EV or Myc‐JMJD5 was transiently transfected in HeLa cells, and H3 obtained from whole cell lysates was analyzed in Western blot with specific H3 antibodies as indicated.
HA‐tagged WT, K4R, K9R, and S10A mutation form of H3 were cotransfected with or without Myc‐JMJD5 in 293T cells. H3‐HA was detected with anti‐HA antibody in Western blot. Myc‐immunoprecipitates were blotted with anti‐Myc antibody to show Myc‐JMJD5 expression.
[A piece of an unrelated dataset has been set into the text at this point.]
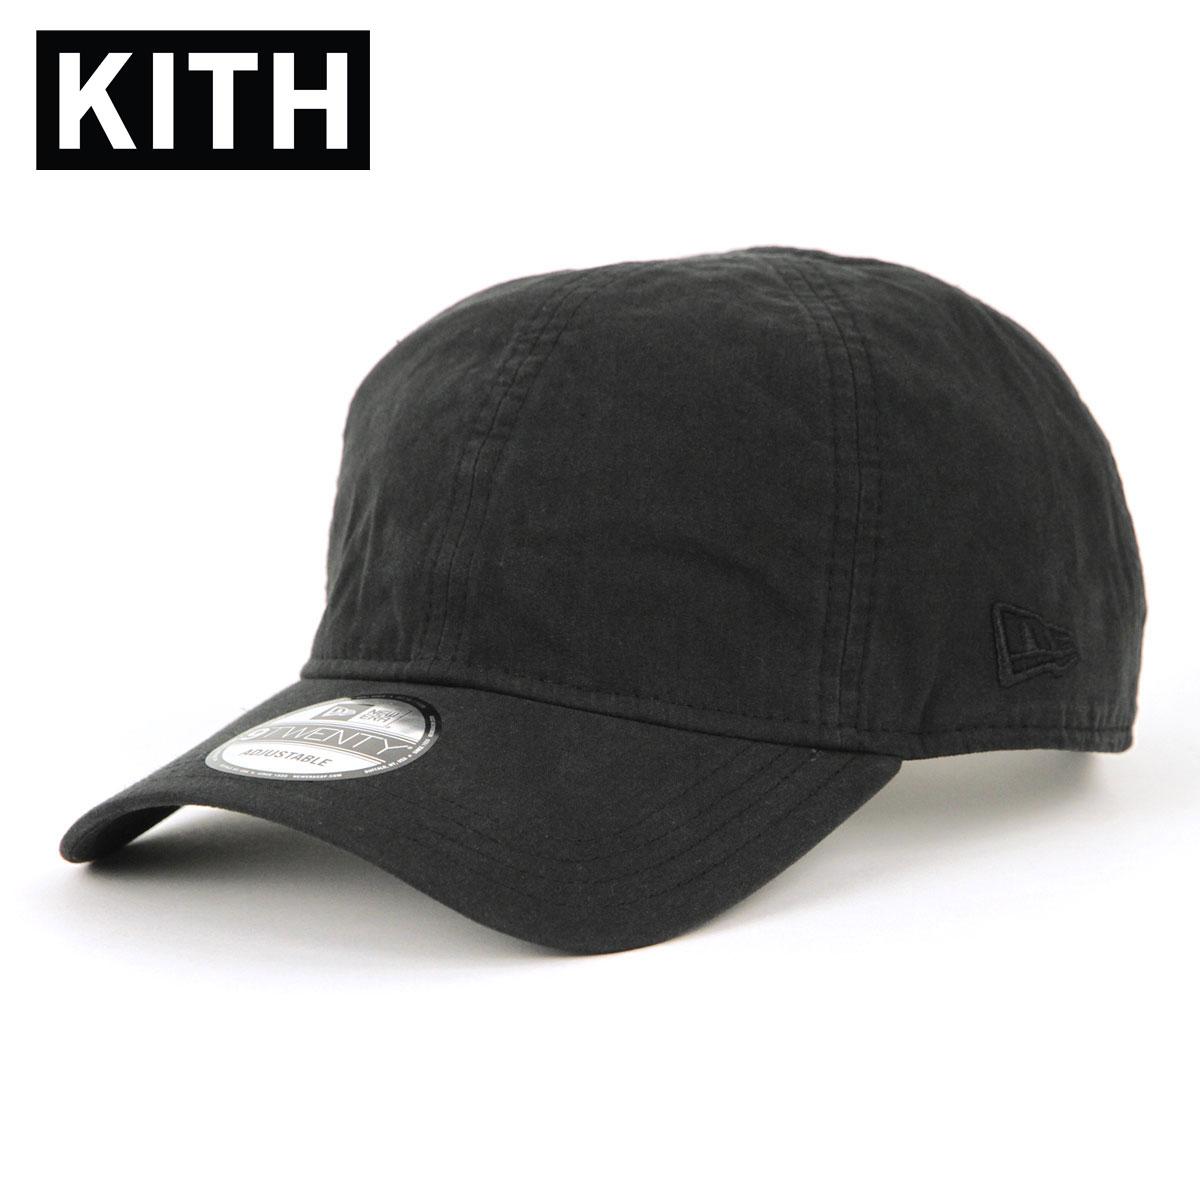 キス キャップ メンズ 正規品 KITH 帽子 KITH × NEW ERA NYC19 CAP 002 BLACK 父の日

HeLa cells were transiently transfected with different domains or mutants of JMJD5 as indicated. Whole cell lysates were subjected to Western blotting analysis with indicated H3 antibodies. Red asterisk indicates corresponding protein expressed by vector.
The dominant negative effect of JMJD5‐ND form on H3 cleavage was examined in HeLa cells with increasing amount of Myc‐JMJD5‐ND. Proteins extracted from these cells were analyzed with indicated H3 antibodies in Western blot.
Full‐length JMJD5 and a series of domain deletion constructs of JMJD5 were transiently transfected in A549 cells. Histone proteins were prepared as above and blotted with anti‐H3K27me2 antibody. JMDJ5 was blotted with anti‐Myc antibody. Red asterisk indicates corresponding protein expressed by vector.
Data information: Red arrow points to cleaved histone H3. Data shown are representative of three independent experiments.